It is, sorta, I made it myself from milled wood. It is a bit wider to eliminate the slop (be sure to camfer the edges so they fit into the co0rners of the beam machine. The tool is designed to be used with a 2x4. It has cleats on the bottom and swivels so you can pull it towards you, step on it and then lever up on the saw handle to assist in cutting-but be careful when the log splits in two with your saw mounted on it. I stop just before it breaks through and remove the saw and 2x4 and freehand the last little bit and watch the big boys go kaboom. I also prop 2x4s against the log to help support it just in case---


----------



## PheasantHunter (Mar 23, 2012)

*Panama*



markvanzee said:


> this is how to do it!
> 
> MY LIFE IN THE PHILIPPINES VOL.14 LUMBER CUT BY CHAIN SAW - YouTube





I was just in Panama, never saw an Alaska mill but saw tons of lumber that had been free hand milled with a chainsaw. I saw two bandmill and one circular mill during the entire trip. I will post some photos when I get time.


----------



## AaronB (Mar 25, 2012)

billstuewe said:


> It is, sorta, I made it myself from milled wood. It is a bit wider to eliminate the slop (be sure to camfer the edges so they fit into the co0rners of the beam machine. The tool is designed to be used with a 2x4. It has cleats on the bottom and swivels so you can pull it towards you, step on it and then lever up on the saw handle to assist in cutting-but be careful when the log splits in two with your saw mounted on it. I stop just before it breaks through and remove the saw and 2x4 and freehand the last little bit and watch the big boys go kaboom. I also prop 2x4s against the log to help support it just in case---



hmmm, I might have to look into that. I do have one of these: http://granberg.com/product/mini-mill-ii but I have never used it. Guess it would work the same way but the one you showed might be more versatile, this one you can't adjust the angle of the saw unless you un-clamp it.
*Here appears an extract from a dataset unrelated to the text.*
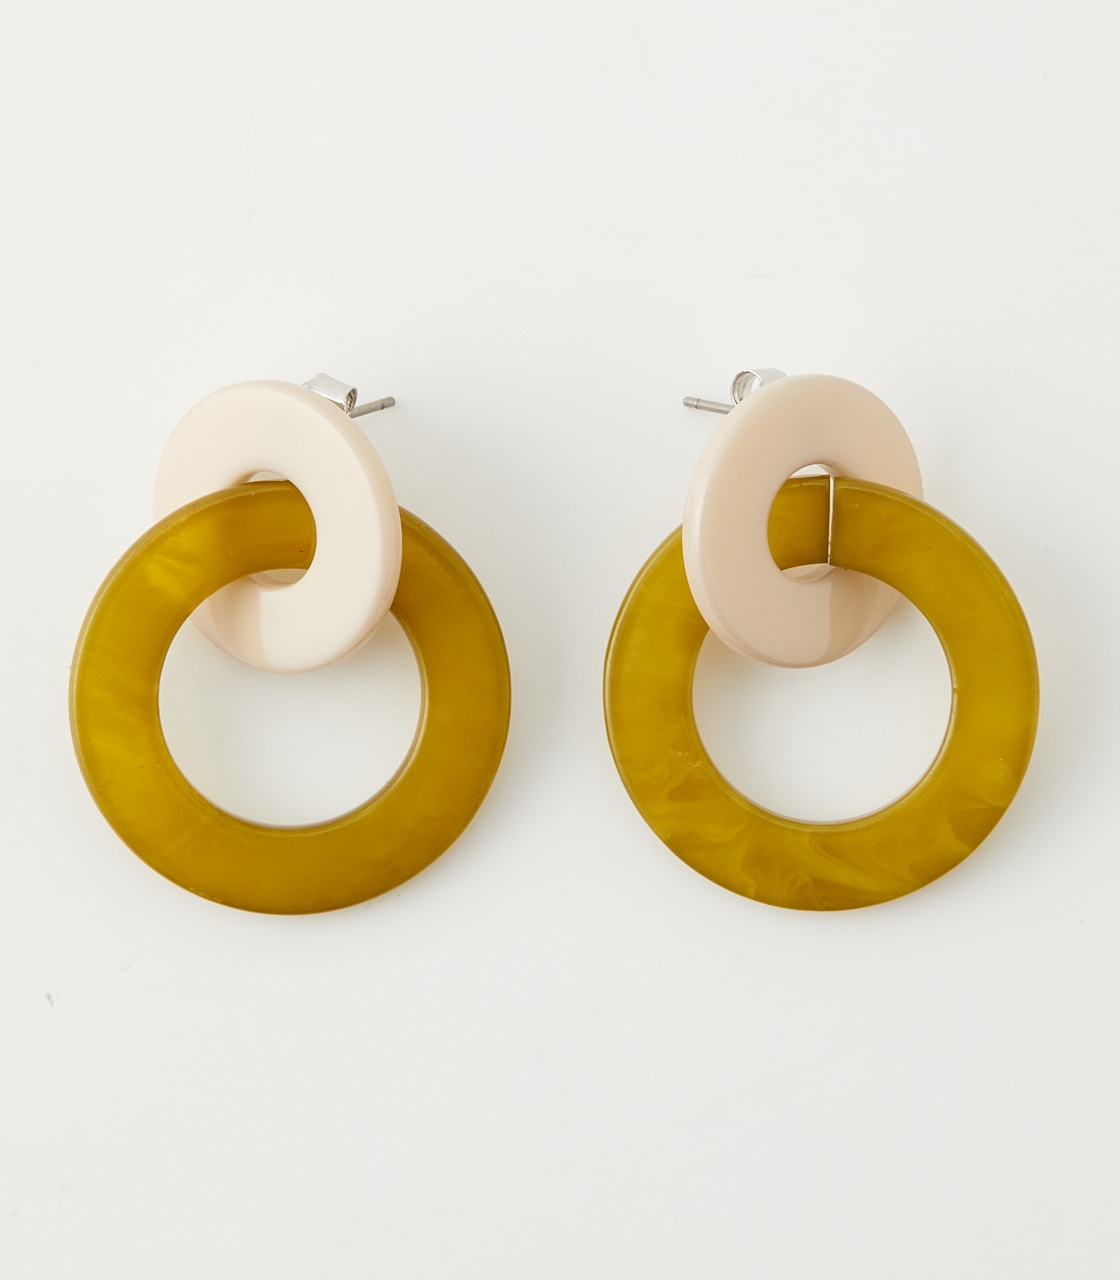 COLOR CONTRAST ROUND EARRINGS/カラーコントラストラウンドピアス【MOOK54掲載 90352】 詳細画像 柄YEL 1
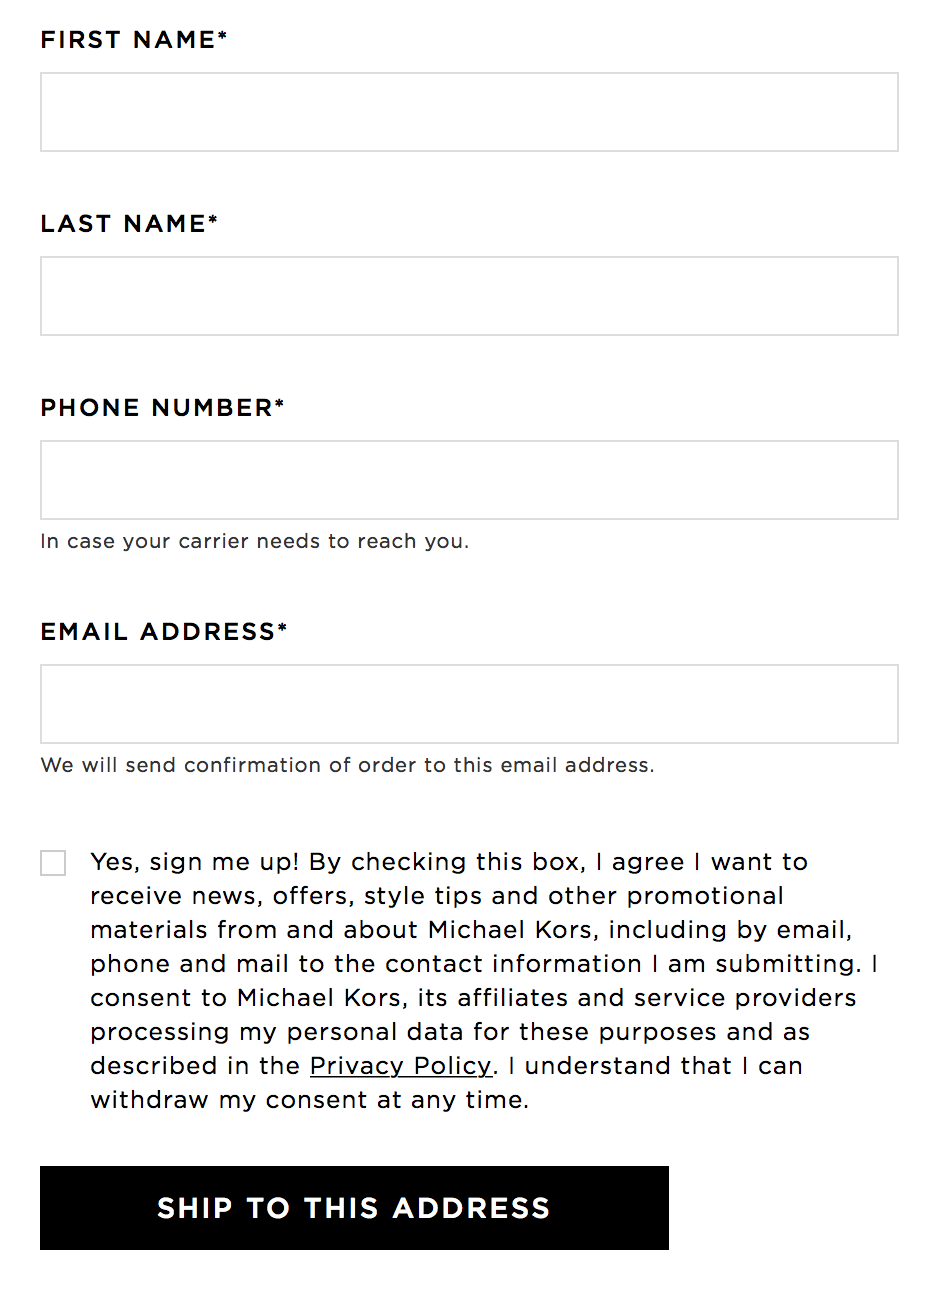 Unnecessary checkboxes for opt-in forms under GDPR example from Michael Kors

What do you do if the bar doesn't go all the way through the log? If I used a setup like yours that would be the case since the guide is above the top of the log a few inches, my 42" bar wouldn't make it all the way through.


----------



## betterbuilt (Mar 25, 2012)

AaronB said:


> hmmm, I might have to look into that. I do have one of these: Mini Mill II | Granberg International but I have never used it. Guess it would work the same way but the one you showed might be more versatile, this one you can't adjust the angle of the saw unless you un-clamp it.
> 
> What do you do if the bar doesn't go all the way through the log? If I used a setup like yours that would be the case since the guide is above the top of the log a few inches, my 42" bar wouldn't make it all the way through.



I guess that's a good excuse to get a bigger bar. You could away's free hand some off the top of the log, and attach the 2x right to the top of the log.


----------



## Talltom (Mar 25, 2012)

If you can't get the log up of the ground, you don't want the bar to go all the way through. If you get it to within a couple inches, the rest will split easily. 

Your mini mill could be used the same way as Bill uses the beam machine. By attaching the guide to the end of the log, Bill's set-up has the advantage of making it easier to cut through the middle of the log while keeping the bar plumb to let gravity help keep the cut straight.


----------



## AaronB (Mar 25, 2012)

betterbuilt said:


> I guess that's a good excuse to get a bigger bar. You could away's free hand some off the top of the log, and attach the 2x right to the top of the log.



1.) So how many passes do you make? I am assuming that you just change the angle of the bar to cut more vertical each pass? 

2.) Do you use a ripping chain or just a regular one?

Thanks for the info and help.


----------



## Cody Colston (Mar 25, 2012)

There's a thread current on the Forestry Forum with pics of a guy quartering a 42" Southern Red Oak freehand with a Stihl 660 and 48" bar. He didn't even use a chalk line and did a perfect job in about an hour of sawing. He explains a bit about how to keep the saw on line.


----------



## AaronB (Mar 26, 2012)

Cody Colston said:


> There's a thread current on the Forestry Forum with pics of a guy quartering a 42" Southern Red Oak freehand with a Stihl 660 and 48" bar. He didn't even use a chalk line and did a perfect job in about an hour of sawing. He explains a bit about how to keep the saw on line.



Man, that looks like it took some practice, only way I would be able to do that was if I had a longer bar with a helper handle on the end of it for someone to pull along.

I think for the next section of log I will try to use the Mini-mill II i have and make some sort of guide that 'betterbuilt' used, my only issue is after cutting in half like that I will have to find some way to get it to move so I can quarter it. thats the good thing about the way that guy on the Forestry Forum did his, made the horizontal first then vertical. Wish I could do that.


----------



## Woodsrover (Mar 26, 2012)

I halved a 30" truck of oak yesterday. It had a natural crack in it so I rolled the log with the crack vertical and went at it. Used a Stihl 460 with a 28" bar and dug as deep as I could from the top and the rolled the log over and split the rest from the other side. Funny how much pressure was in that log and how it started to pop at each end. Like an earlier post mentioned, I probably would have been better off cutting it shallow and splitting it with wedges. Anyway,I didn't and I wish I had drawn a line on it as I wandered a bit and had to make a correction half-way through. The log was a little crooked so it won't make that much of a difference but all the same, I'm not too proud of my cut. :frown:

Take your time, make a guide and make some marks. It'll be slow-going. Bring a bottle of water!

P.S. My wife sent me a note a little bit ago that UPS delivered my hardwood blades today. Should be slabbing it up in a day or two!


----------



## Stihlman441 (Mar 27, 2012)

Good reason to get a Granberg Minni Mill.
I run a 25'' on a 460 no probs.


----------